We certainly have that \(n_p = \vert X \vert \), because every Sylow p-subgroup is a conjugate of \(P\), but also every conjugate of \(P\) (that is, every member of \(X\)) is itself a subgroup of \(G\), and has the same size as \(P\), so is also a Sylow p-subgroup. Hence, just as before, \(n_p \equiv 1 \pmod p\).

Also, \(n_p\) is the size of an orbit under conjugation, and hence by the Orbit/Stabiliser Theorem, it divides \( \vert G \vert = p^a m\); but \(n_p\) does not have a factor of \(p\), so it must divide \(m\).

This concludes the proof of the third Sylow theorem.


So the proof went as follows:

  1. We’re looking for information about Sylow p-subgroups, so we pick the maximum possible p-subgroup and hope that it’s a Sylow one.
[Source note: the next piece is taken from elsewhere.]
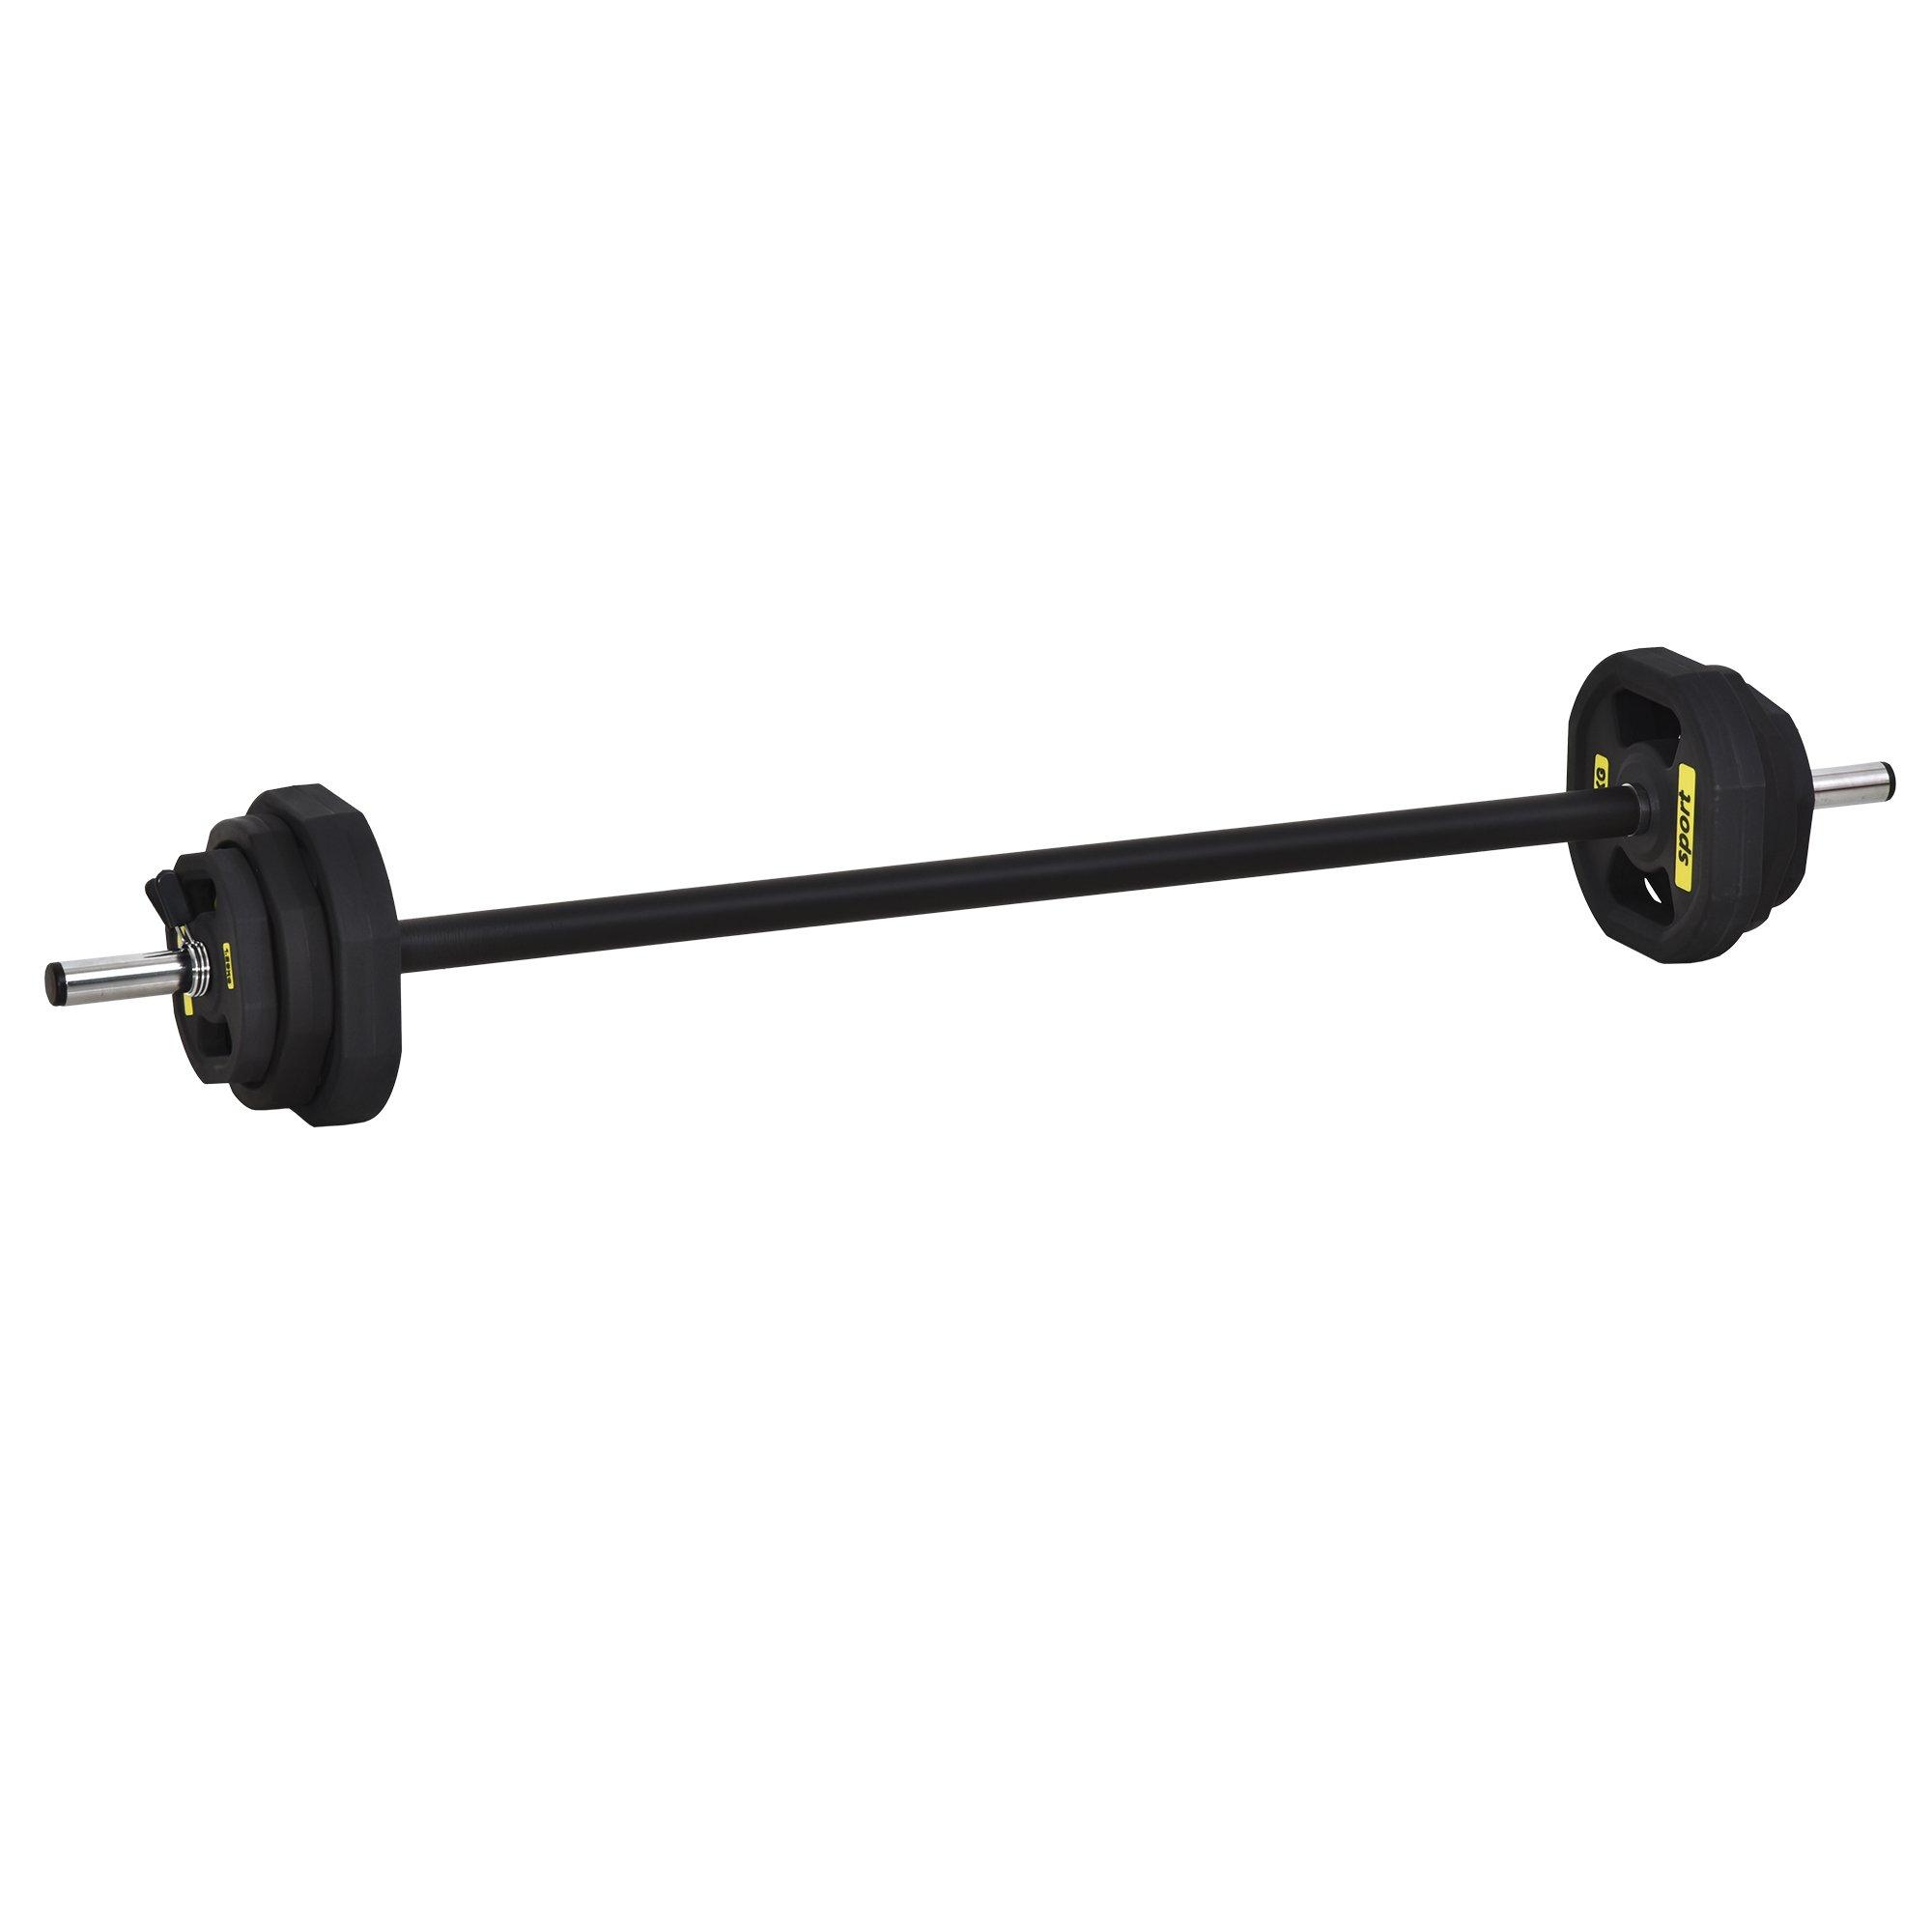 Adjustable 20kg Barbell Set Fitness Exercise for Indoor Home Gym

  2. How do we know whether this p-group is Sylow? If \(\dfrac{ \vert G \vert }{ \vert P \vert }\) is not divisible by \(p\).
  3. What can we do with a quotient? Not much, but we can use a quotient of a normal subgroup. We can’t guarantee that \(P\) is normal in \(G\), so we split up the fraction into \(\dfrac{ \vert G \vert }{ \vert N \vert }\) and \(\dfrac{ \vert N \vert }{ \vert P \vert }\).
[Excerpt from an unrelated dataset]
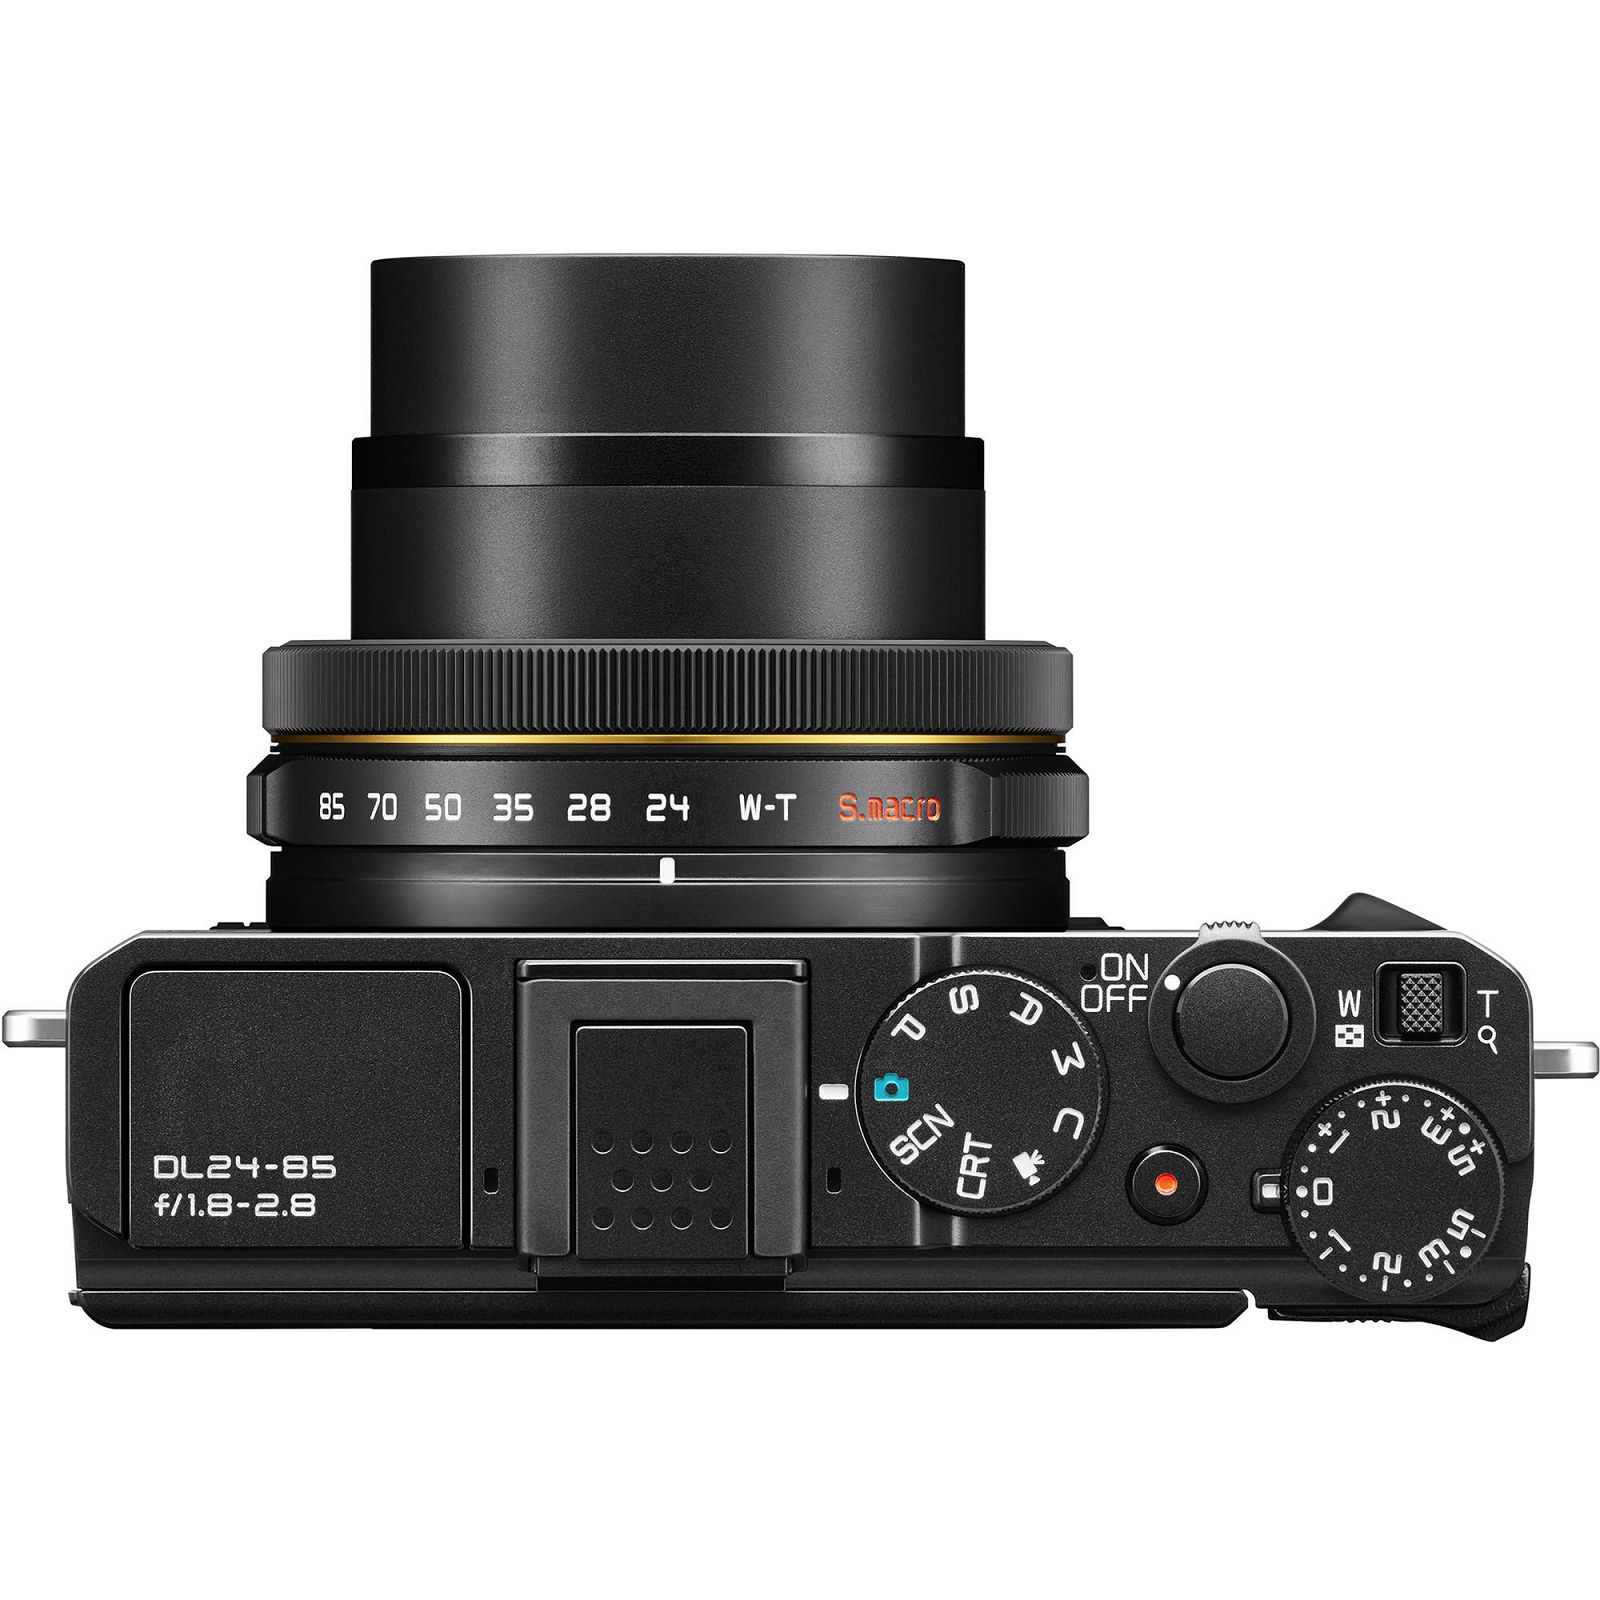 Nikon DL 24-85 f/1.8-2.8 Black Premium kompaktni digitalni fotoaparat Digital Camera VNA920E1

  4. What’s a good normal subgroup to use? We have a choice. We’ll go for the normaliser \(N = N(P)\), because that gives a nice interpretation to \(\dfrac{ \vert G \vert }{ \vert N \vert }\). (But otherwise, this step seems a bit arbitrary to me.)
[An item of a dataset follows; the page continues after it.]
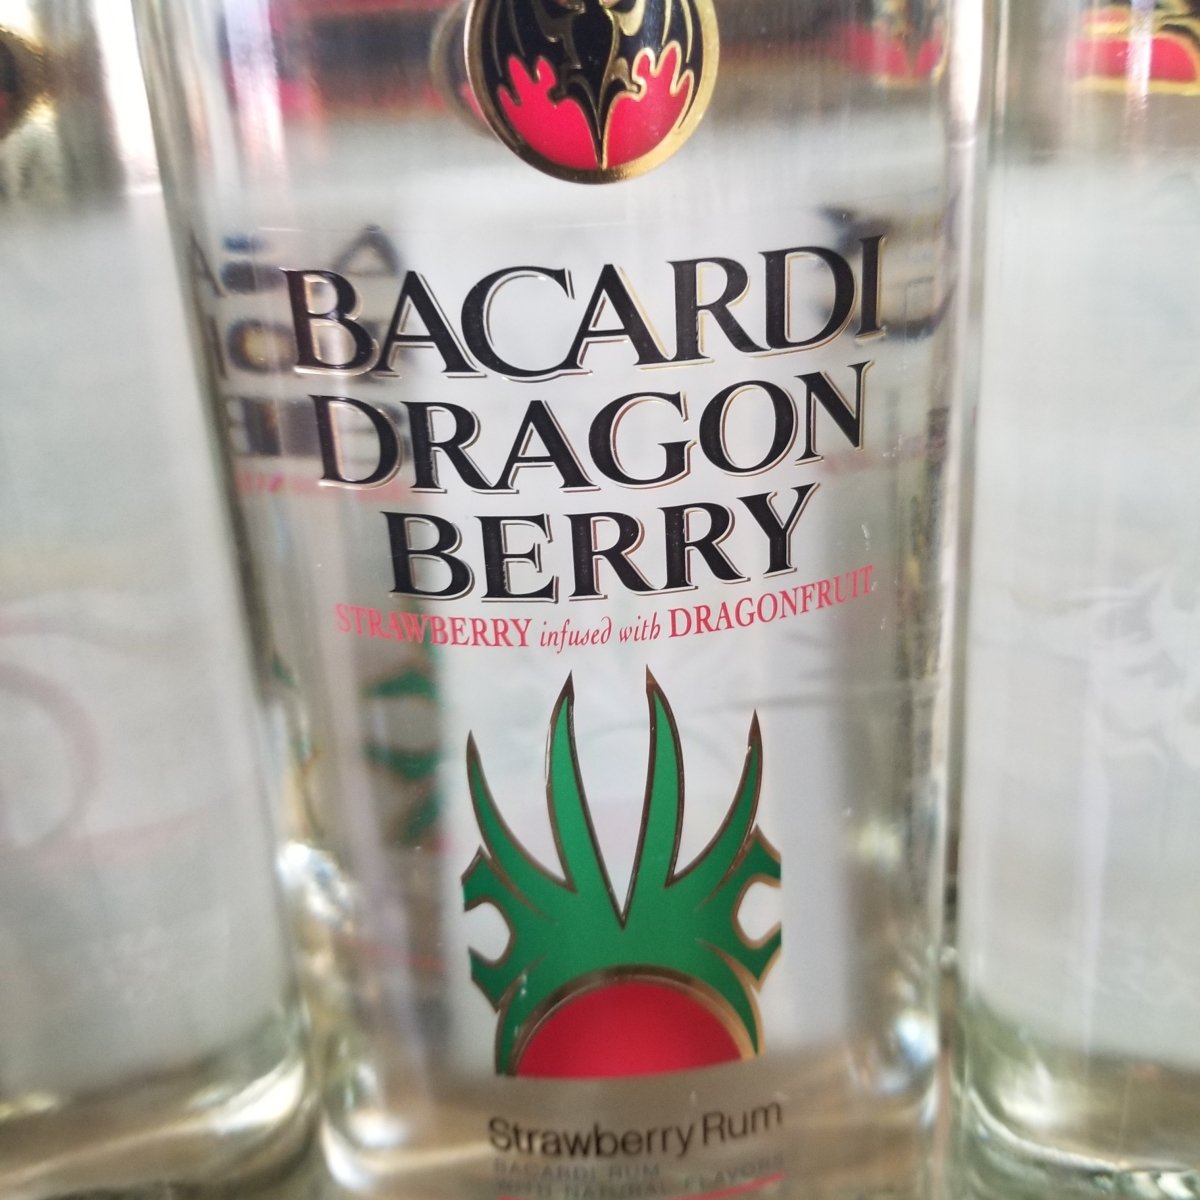 Bacardi Dragon Berry Rum 375ml - Sip & Say

  5. Now we’ll go for \(\dfrac{ \vert N \vert }{ \vert P \vert }\); this is definitely something to do with the quotient group \(\dfrac{N}{P}\). Let’s imagine its size were divisible by \(p\); then we can use Cauchy on \(\dfrac{N}{P}\) and get a contradiction on moving back to \(N\).
  6. Let’s now consider \(\dfrac{ \vert G \vert }{ \vert N \vert }\); the normaliser is something to do with conjugates, so we’ll consider the conjugation action. Happily, this expression then becomes the size of the orbit of \(P\) under the conjugation action; call that orbit \(X\).
  7. We need \( \vert X \vert \not \equiv 0 \pmod p\). Remember the class equation; we want to act on \(X\) using a p-group. \(P\) is such a p-group, so we’ll let \(P\) act on \(X\). The only natural action to use is conjugation. We know straight away that \(P\) is in an orbit all to itself; we need it to be the only one.
  8. Name a different conjugate of \(P\); call it \(g P g^{-1}\). We need this to be exactly \(P\). It’s got the right size already, so we just need it to be contained in \(P\). Here a leap of faith: what’s special about \(P\)? It’s the kernel of a homomorphism \(\pi: N \rightarrow \dfrac{N}{P}\) (because it’s a normal subgroup of \(N\)). So, after proving that \(\pi\) is defined on what we want to give as its arguments (that is, after showing that \(g P g^{-1}\) is contained in \(N\), or equivalently that all elements of \(g P g^{-1}\) stabilise \(P\) under conjugation), consider \(\pi(g^{-1} P g)\). This is clearly \({e}\), and hence \(g^{-1} P g\) is in the kernel of \(\pi\), and hence is a subset of \(P\), as required.
  9. Now the second theorem: all the Sylow p-subgroups need to be conjugate. Name a Sylow p-subgroup \(Q\), and have it act on \(X\) as above. Then in exactly the same way as in step 7, since \( \vert X \vert \) is not a multiple of \(p\), we have that there is some \(h \in G\) such that \({h P h^{-1}}\) is an entire orbit under conjugation by \(Q\).
  10. Exactly as in step 8, a conjugate \(h P h^{-1}\) is on its own in an orbit, so it is fixed under conjugation by every element in \(h^{-1} Q h\). Hence \(H = h^{-1} Q h\) is contained within \(N\) and we can use \(\pi\). Suppose that \(H\) is not fully contained in the kernel of \(\pi\); then applying \(\pi\) to it gives us a subgroup, which must have prime power order (from the fact that \(h^{-1} Q h\) had prime power order); it also has order dividing that of \(\dfrac{N}{P}\), which is not a multiple of \(p\): contradiction.
  11. \(H\), a conjugate of \(Q\), is hence contained in the kernel of \(\pi\). Then since it is of the same size as the kernel, it must be the kernel, but that is \(P\).
  12. Now the third theorem: we’ve just shown that \(X\) is precisely the set of Sylow p-subgroups, so \( \vert X \vert \equiv 1 \pmod p\) is just what we want (but we’ve already shown it back in step 8); and since it is also precisely an orbit when \(G\) acts on \(P\) by conjugation, it must have order dividing that of \(G\).